The president has recently revived his “enemy of the people” line about the mainstream news media, sprinkling the phrase into his public remarks. The new White House communications chief, Bill Shine, a former president of Fox News, signaled a tougher approach to press relations when he barred a CNN reporter from a public event last week in the Rose Garden. The reason? She asked questions of Mr. Trump in what the White House deemed an inappropriate manner for an event in the Oval Office.
The approach may appall some journalism advocates, but it has buoyed many members of the president’s base. Sean Hannity, perhaps Mr. Trump’s most reliable defender on cable news, directly addressed Mr. Acosta on Tuesday night at the start of his program on Fox News.
“The people of this country, they’re screaming at you for a reason,” Mr. Hannity said. “They don’t like your unfair, abusively biased treatment of the president of the United States.”
A montage — titled “CNN’s Jim Acosta Lowlights” — followed, with footage of Mr. Acosta pressing Ms. Sanders at briefings and criticizing the administration’s attitude toward the news media.
“That’s called opinion,” Mr. Hannity said, when the camera came back to him. “And you’re extremely rude. Oh, and a liberal partisan hack. That’s why Americans don’t trust you and fake news CNN.”
Press freedom groups have long warned that Mr. Trump’s rhetoric — and the accompanying criticism from his supporters — is endangering journalists domestically and abroad, particularly under autocratic regimes that have adopted his language in cracking down on independent journalism.
Those concerns came up during a meeting last month between Mr. Trump and the publisher of The New York Times, A. G. Sulzberger, who asked the president to reconsider his use of the term “enemy of the people.”
After that meeting was made public last Sunday — Mr. Trump, ignoring the White House’s off-the-record stipulation, tweeted about it — the president opened a new flank of attack. He wrote on Twitter that reporters who reveal “internal deliberations of our government” are putting “the lives of many, not just journalists, at risk!”
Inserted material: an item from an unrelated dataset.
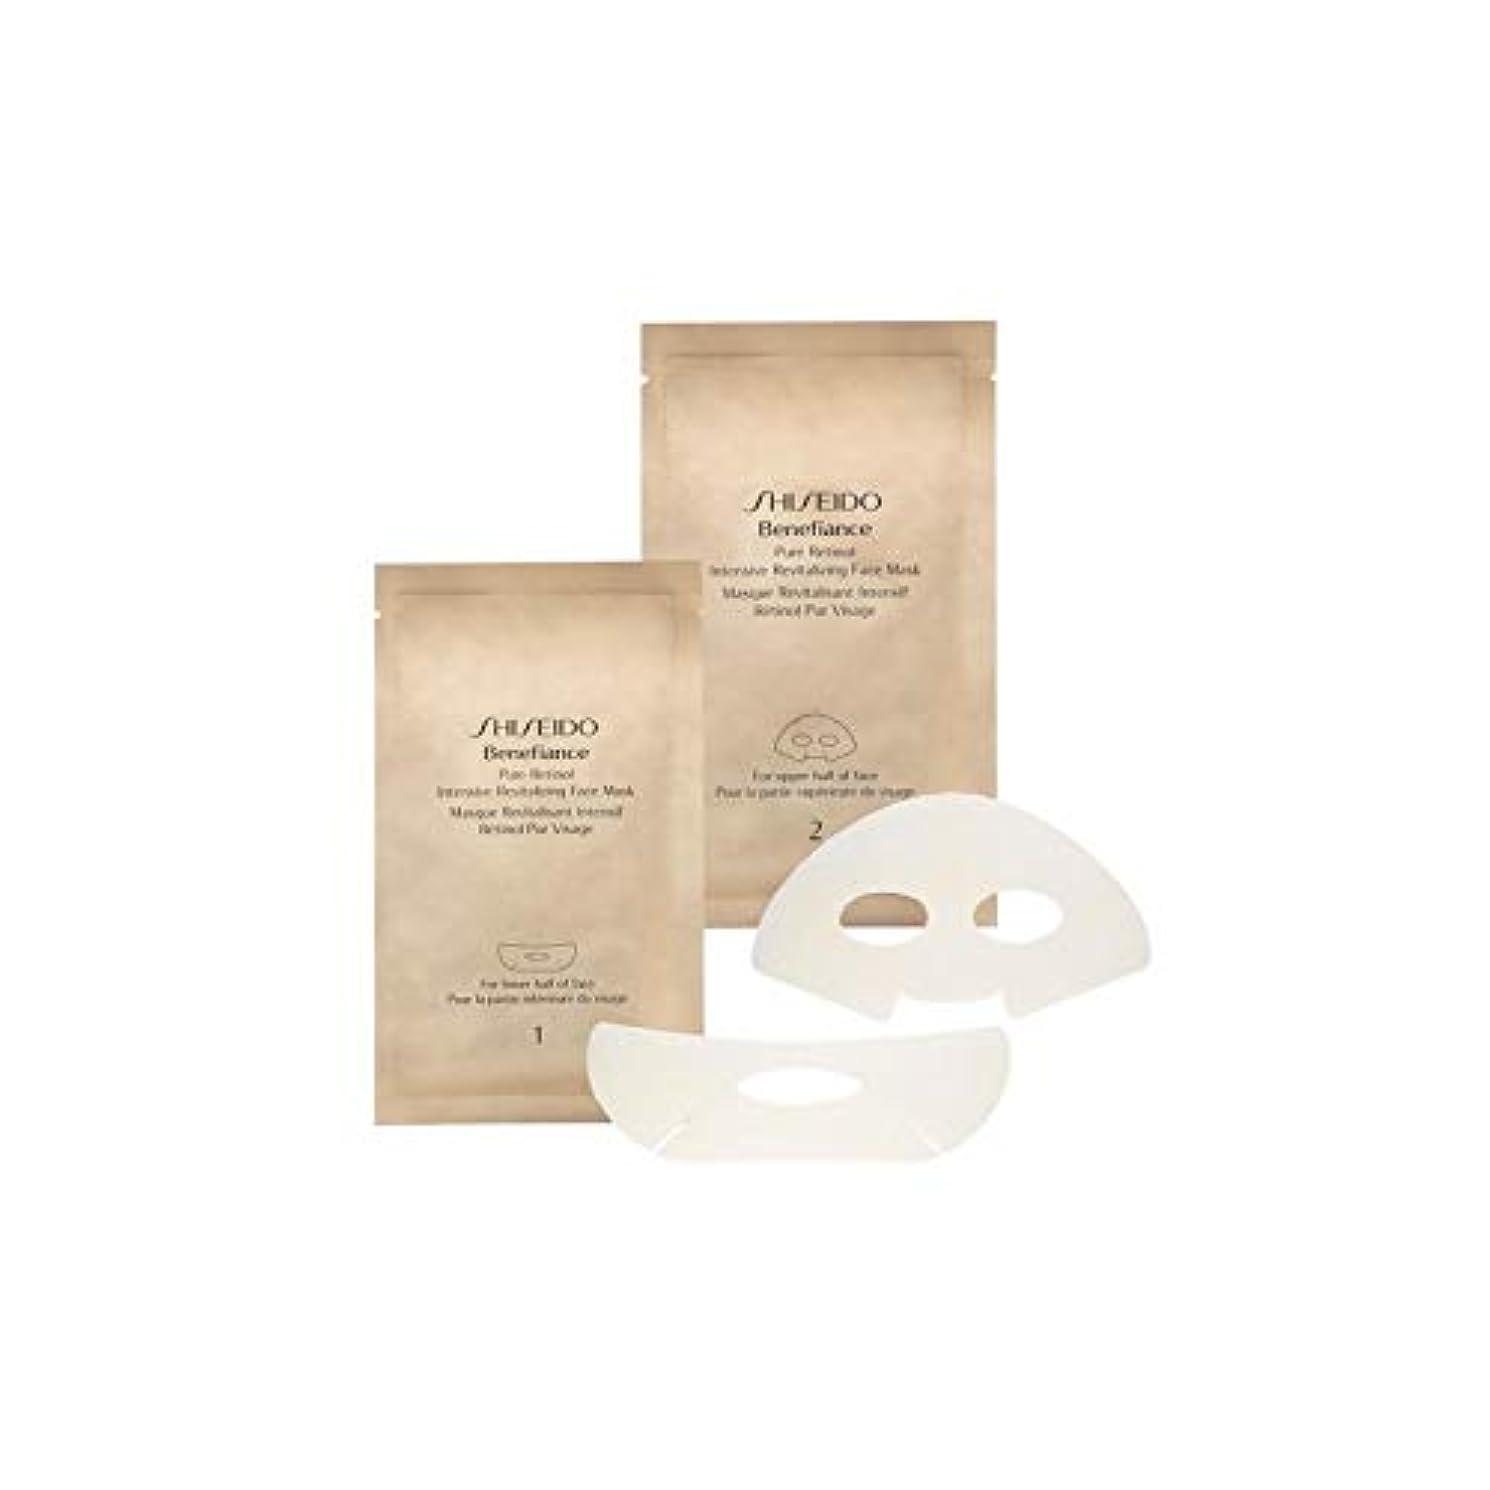 寝具ルアー振り向く[Shiseido] 資生堂ベネフィアンス純粋レチノールインテンシブリバイタライジングフェースマスク×4袋 - Shiseido Benefiance Pure Retinol Intensive Revitalizing Face Mask X 4 Sachets [並行輸入品]

Ms. Sanders picked up on that theme at her briefing on Wednesday, the press secretary’s first question-and-answer session with reporters in nine days. (Ms. Sanders held only three formal news briefings in July, compared with nearly once a day in the early part of her tenure.)
“The media routinely reports on classified information and government secrets that put lives in danger and risk valuable national security tools,” Ms. Sanders told reporters, going on to cite a debunked story that a report about Osama bin Laden in the 1990s had harmed national intelligence efforts. (President George W. Bush has made the same claim, that a report about Bin Laden’s use of a satellite phone had tipped him off to surveillance; he information had been released by the Taliban two years earlier.)
“It’s now standard to abandon common sense ethical practices,” Ms. Sanders continued. “This is a two-way street. We certainly support a free press, we certainly condemn violence against anybody, but we also ask that people act responsibly and report accurately and fairly.”